11 March 2010

Donkey Kong Country - SNES


There are very few people, if any, who will argue that Donkey Kong is one of the single most important franchises in video game history. Not only has “DK” been successful in both arcades and on home consoles through a variety of generations and titles, the character of Donkey Kong is one of the most iconic ever, right up there with Link and Mario.
They even made a documentary about two guys basing their lives on holding the Donkey Kong arcade record.
When I was a kid, with my Nintendo, I was never a big fan of the classic Donkey Kong-style of game. You know, the ones where you play as Mario, leap over barrels and climb up ladders to save Princess Peach. They were repetitive and graphically unimpressive and horrifically difficult. But then 1994 came and courtesy of developer Rare and publisher Nintendo, I was able to become the ape. It would end up selling more than eight million copies. It would also become one of the most famous side-scrolling game evers. There were rhinos and crocodiles and a whole assortment of other beasts.
It was called Donkey Kong Country (DKC).
The first time I played DKC, I was in a department store about a week before Christmas. My mother, she was off looking at curtains or something but me, I was watching some kid take Donkey Kong and his buddy Diddy riding around some snowy wilderness, blasting out of buckets. The kid eventually got called away and I took over. I jumped on an ostrich and instantly, I was hooked.
Within minutes I was pulling my mother away from her curtain browsing. It was the week of Christmas and I was going to be damned if DKC wasn’t one of the first presents I opened. She didn’t buy it for me, not that day. Meanwhile, this kid who lived across the street from me (spoiled rotten by a wealthy grandmother) he had DKC. He was the first one in the neighborhood to have it so in the days before Santa came me and the other two boys from the neighborhood crowded round his TV, waiting to see what levels came next.

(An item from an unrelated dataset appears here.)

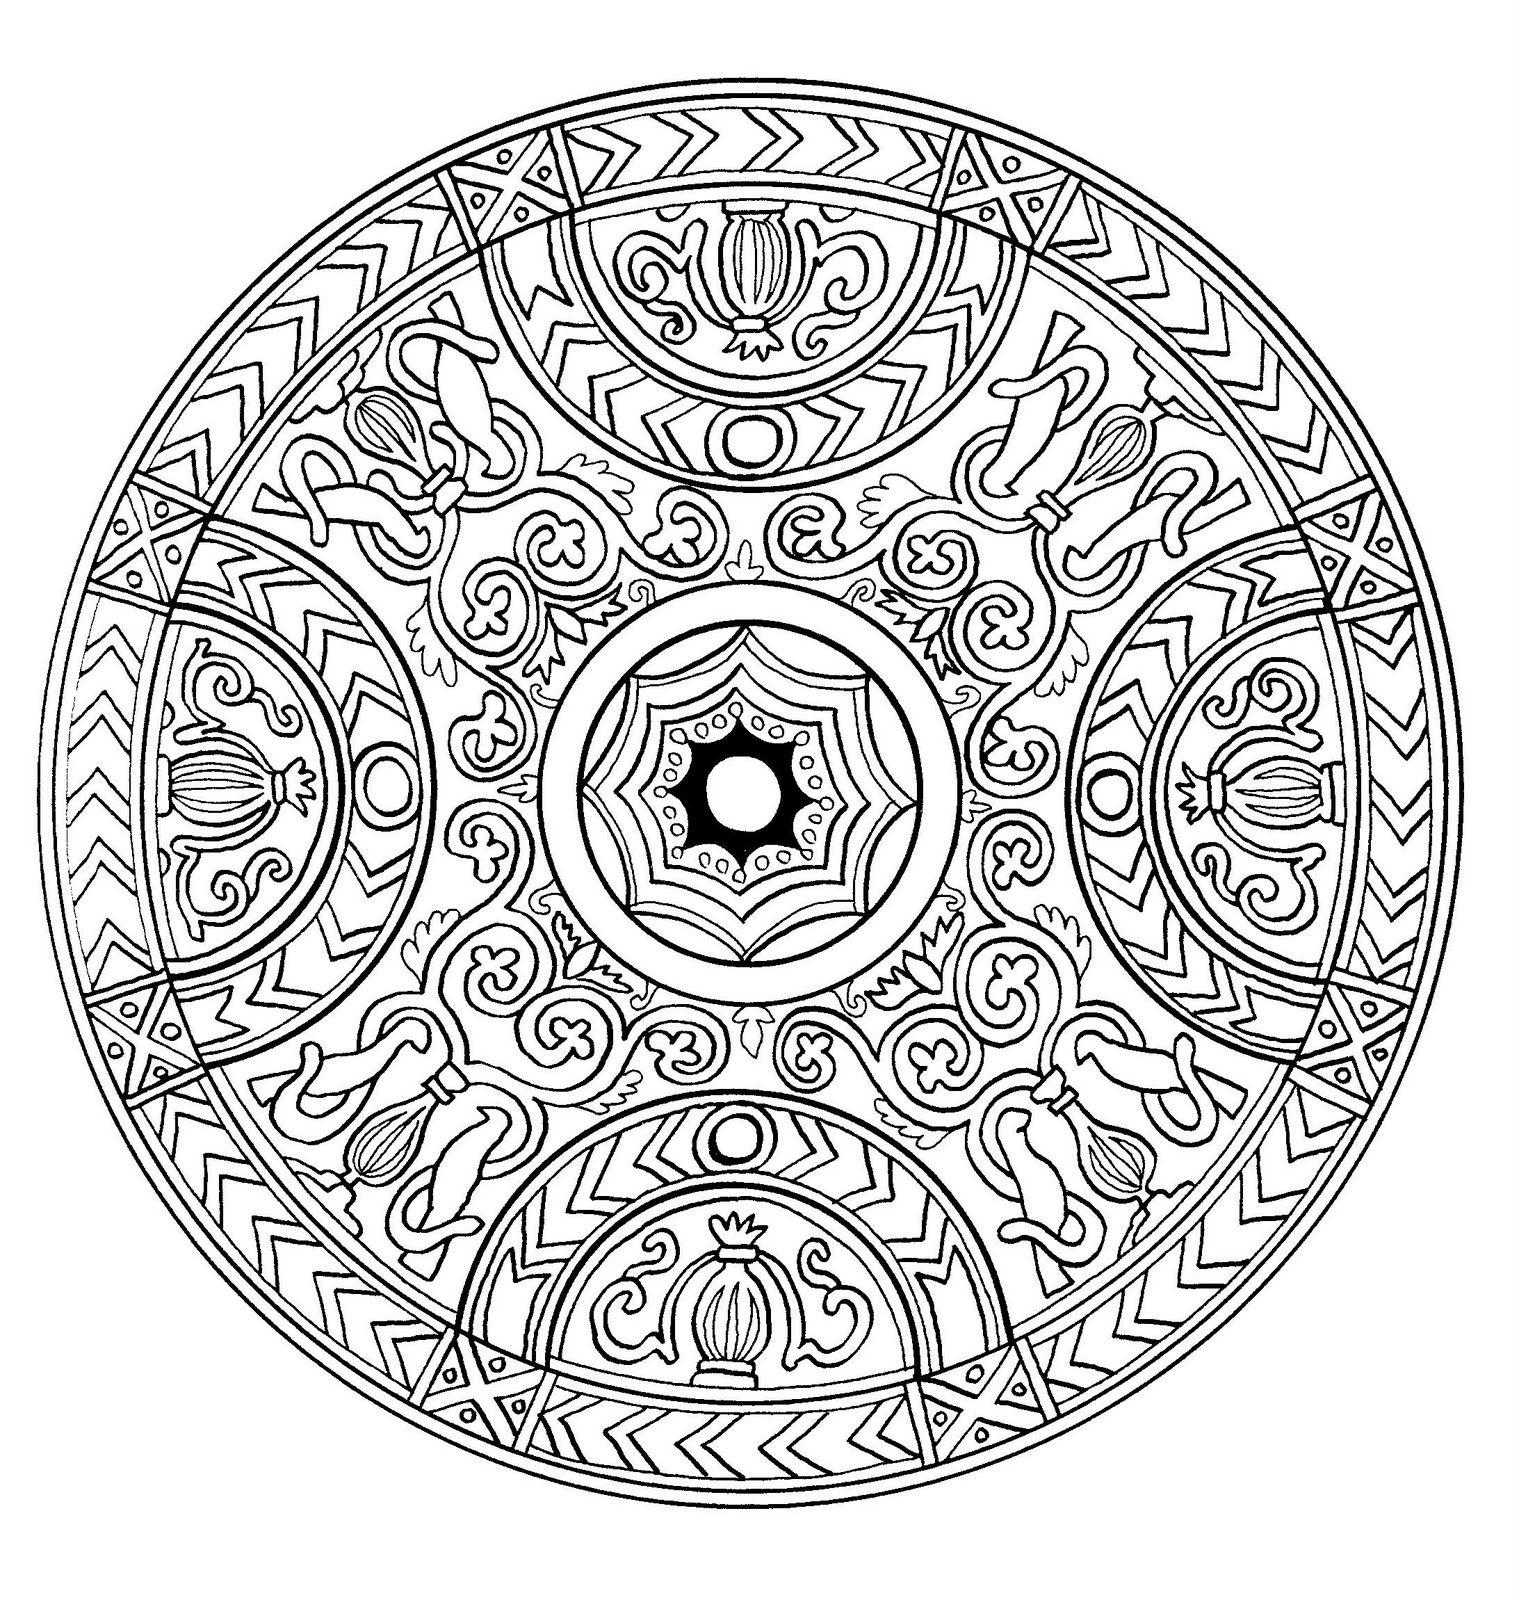 Free Mandalas page «mandala-to-color-zen-relax-free (14 ...

Then Christmas came and we all got a copy and we didn’t see each other for a few weeks. I ended beating the game over and over again for as long as I played Super Nintendo. My sister also got in on the action, beating it a couple times herself.
Hoping to cash in the success of DKC, Nintendo released DKC2 a couple years later. It wasn’t bad, but like most sequels, it failed to capture the magic of its predecessor. The same thing can be said for Donkey Kong 64. Not a bad game but not a great one either.
Even with these lackluster subsequent releases and the clunker that was Donkey Konga, however, DKC is a title that will always live on as one-of-a-kind.